Prague aims to rein in growing Segway craze

PRAGUE (Reuters) - Prague city officials want to crack down on what they see as a dangerous proliferation of two-wheeled Segway vehicles clogging the city’s historic streets and sidewalks.

Tourists ride Segways over a pedestrian crossing in central Prague, Czech Republic, September 4, 2015. REUTERS/David W Cerny

A visit to the city’s Old Town Square highlights how Segway tours have mushroomed over the past few years as dozens of guides buzz around, weaving around tourists as they hunt for customers.

“I came here six years ago and there were no Segways,” one tour guide said while standing on his vehicle. “Now they are everywhere.”

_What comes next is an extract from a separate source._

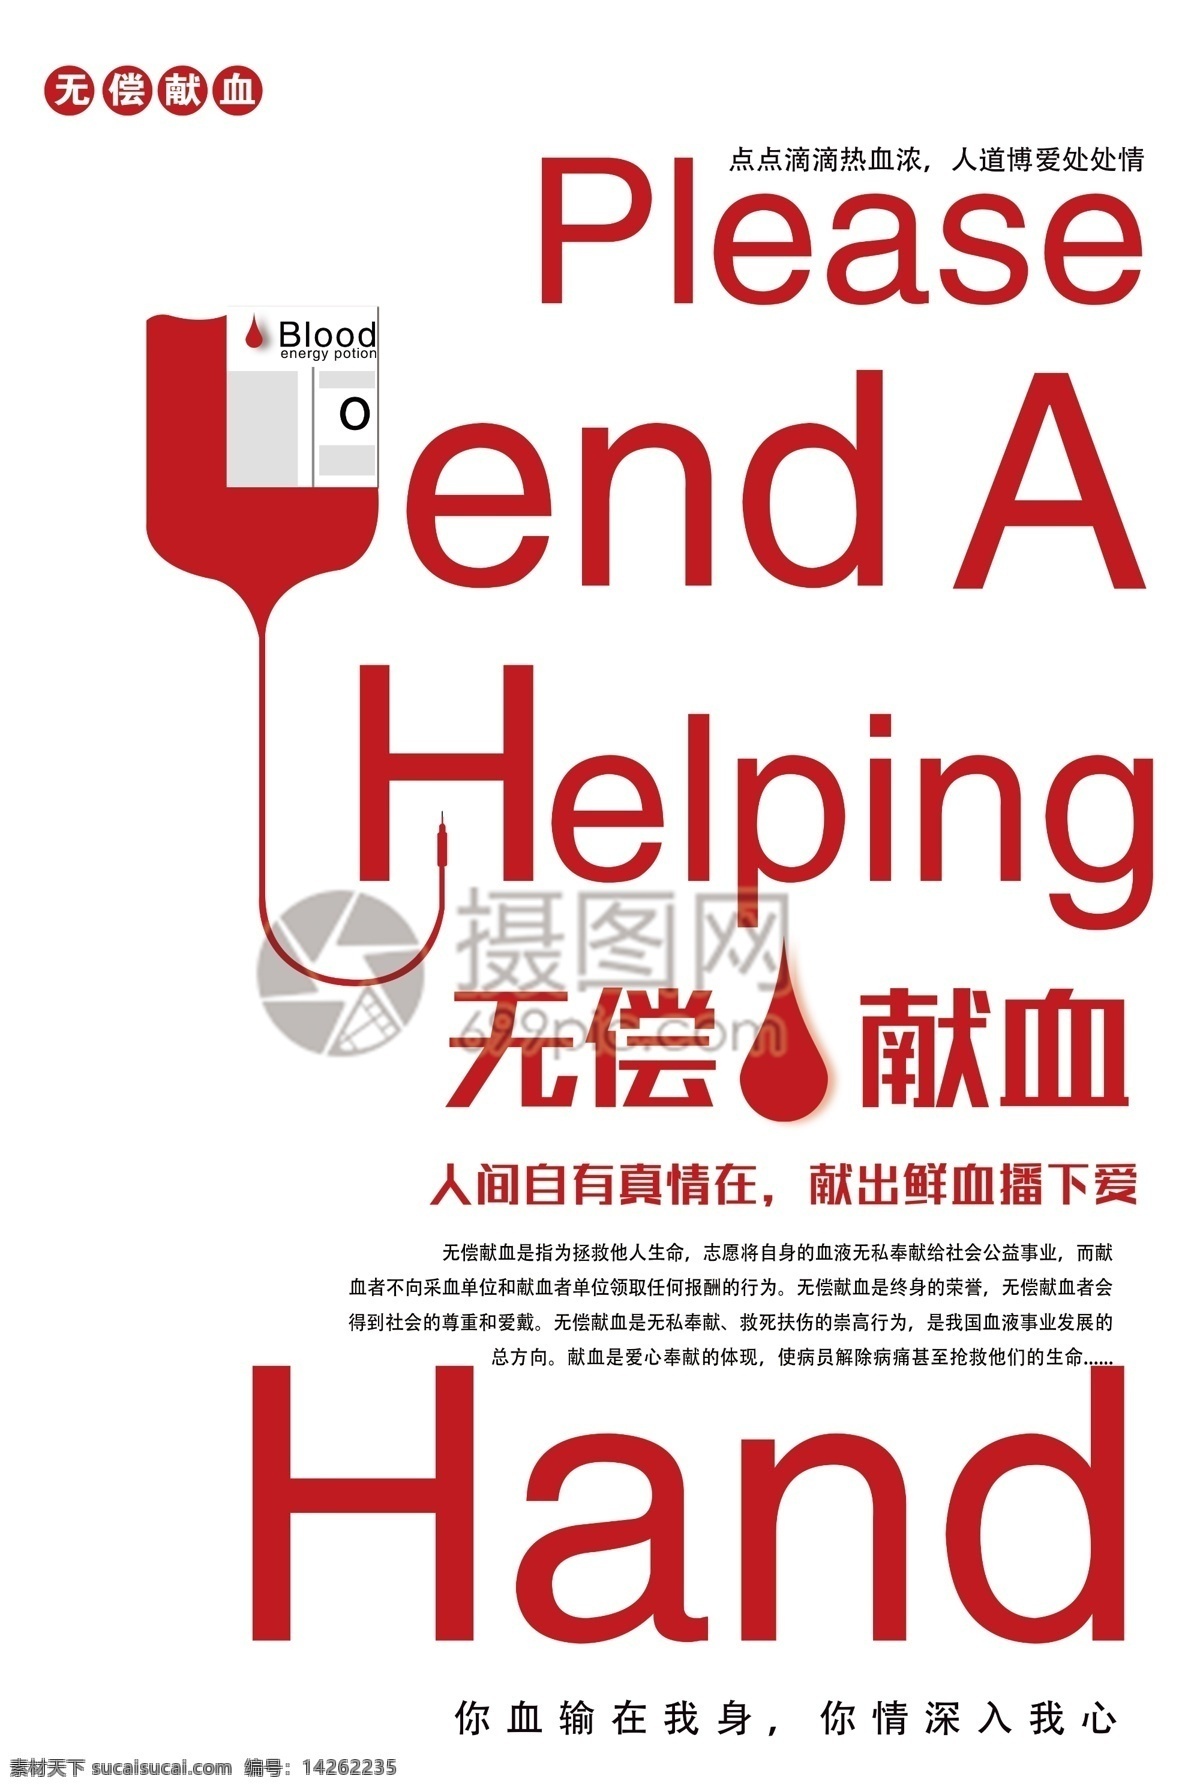 无偿献血 公益 海报 无偿 献血 公益海报 血液 爱心 捐献 捐血

A Segway is a two-wheeled, self-balancing electric vehicle that uses gyroscopes to remain upright. Drivers stand on a small platform and control the vehicles by leaning in different directions.

The vehicles garnered global headlines when a Segway-riding cameraman sent the world’s fastest man Usain Bolt tumbling at the World Athletics Championships in Beijing in August.

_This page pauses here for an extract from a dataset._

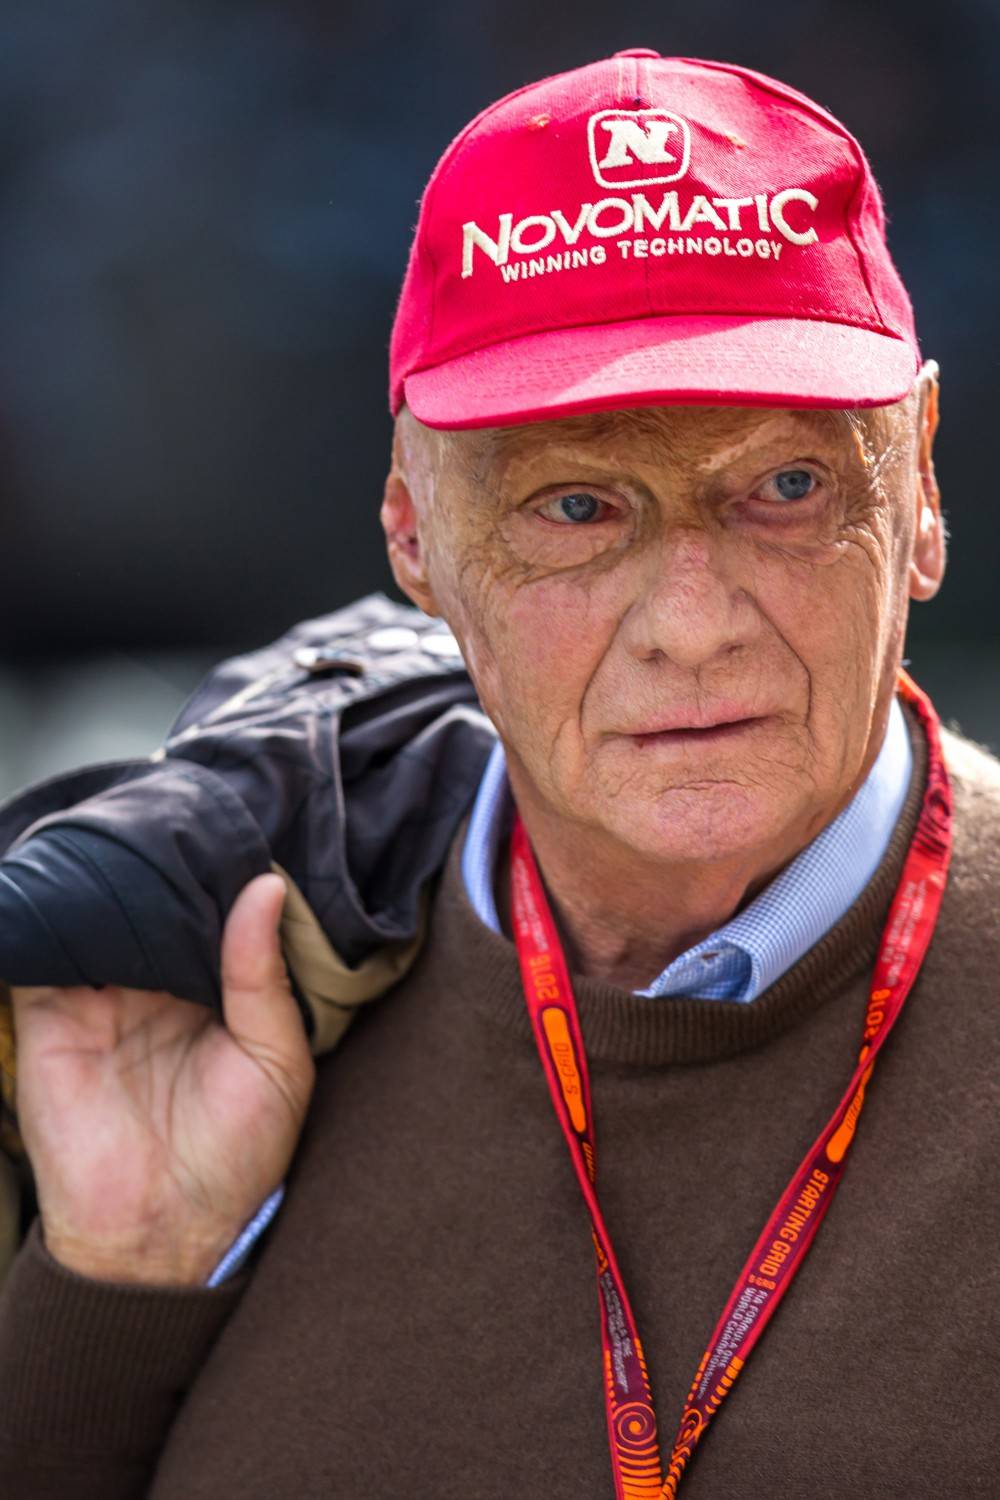 Niki Lauda campione in pista e fuori: le frasi che lo hanno reso unico e inimitabile

Prague officials say the vehicles are no laughing matter and worry it’s only a matter of time before a serious accident occurs - spurring a push to ban the vehicles from sidewalks, pedestrian areas and popular tourist spots.

“I understand Segways are part of technical advances and laws can’t limit such developments,” city council member Jan Korseska said. “Nevertheless it seems to me we have to enact a law so Segways aren’t classified as pedestrians anymore.”

“I do not like Segways because they aren’t safe for pedestrians.”

Lack of regulation and Prague’s compact historical center make the city ideal for Segway tours as they can reach most of the popular tourist sights.

The proposed rules would cover more streets in the most heavily visited areas in the historic center. Officials are also seeking to regulate Segways like bikes to keep them off sidewalks.

While a few scattered Segway bans exist around town, city officials and residents agree further restrictions and a more cohesive approach are needed.

“It happened to me and my children, that we had to jump out of the way of Segways,” said Zuzana Zemanová, who lives in the city center.

“Segways are hefty and unpredictable and because I

have two children, I think Segways are dangerous as well because they are often driving on sidewalks.”

A 30-minute guided Segway costs around 30 euros ($33). Tour operators say they adhere to a voluntary set of safety guidelines that include mandatory helmets and guides for all excursions.